The demographic attack on web servers

Rohit Khare (khare@pest.w3.org)
Thu, 18 Apr 96 16:51:35 -0400


April 15, 1996
Looking Forward
Proxy servers will change the Web
By _Mark L. Van Name_ and _Bill Catchings_

)As the Internet and the Web continue to mature, new components and
technologies will rise to prominence. One technology that is about to gain
visibility and importance is the proxy server.

If you're not familiar with a proxy server, think of it as an Internet cache.
Like any cache, its primary goal is to reduce the traffic to its source--in
this case the Web or some other aspect of the Internet--by servicing requests
locally. This reduction can relieve bandwidth bottlenecks.

But proxy servers are not all good news. They have the potential to upset the
fragile area of server access accounting.

To see the possible win, consider a common Web activity, downloading a new
version of Netscape Navigator. Multiple folks in most organizations have
downloaded it, so those groups have wasted bandwidth moving the same bits.

Many groups solve this problem by having someone download the software late
at night and put it on an internal server from which others can fetch it.

A better solution would be to have a machine that caches the result of the
first download request and then services all subsequent downloads from a copy
in its local storage. That's a proxy server. Proxy servers can also cache Web
pages or anything else from the Internet. Proxy servers are invisible to
users, who just receive online items more quickly than usual.

Proxy servers do need to see all requests to manage their caches well.
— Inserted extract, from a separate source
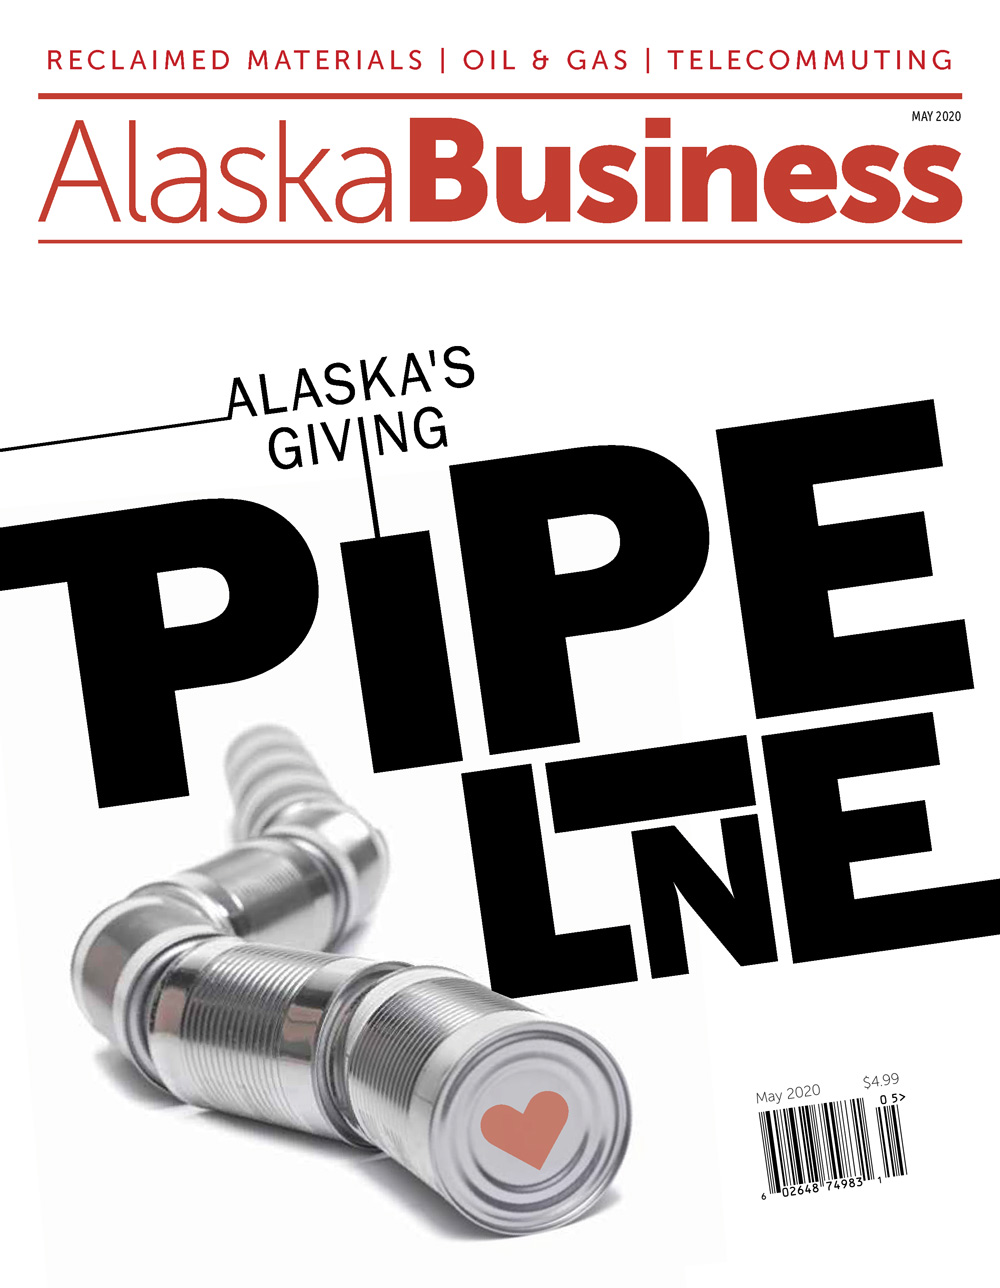 Alaska Business May 2020 cover

They
must also update their caches often enough that users always see adequately
current copies of the material they access.

A proxy server can even do more. For example, it can pre-fetch during times
of light activity all the pages a cached page references. Those pages will
then be on hand when users need them. Because all accesses flow through it, a
proxy server can also give managers a point of control for restricting access
to particular URLs.

A few caveats

The most obvious problem with proxy servers arises from the immediacy of the
Internet: Who wants yesterday's pages just because a proxy server has cached
them?

What should be bothering businesses is, however, a more subtle problem: Proxy
servers can stop content providers from getting accurate information about
who is hitting their pages. If, for example, a proxy server hits a popular
page once at 2 a.m. and then provides that page to users throughout the
following day, the provider of the page sees only one hit.

The main option providers have to counter this problem is registration. Most
folks, though, won't bother to register and so will remain invisible behind
the proxy server. The owner of the proxy server will know its users, but
content providers will see only the server.

Another option is to change pages so frequently that any proxy server will
either fall out of date quickly or have to update its contents almost
constantly. This approach, though, reduces the value of the proxy servers, and
we all need those servers to improve response time as the Internet grows.

A better answer is for proxy server vendors and content providers to develop
standards for working together. Those standards should define the ways proxy
servers will return access statistics and information. The standards should
also define mechanisms by which providers can help the servers know when to
update their caches.

_)_With this type of cooperation, proxy servers can realize their potential
and content providers can get the business measurements they need.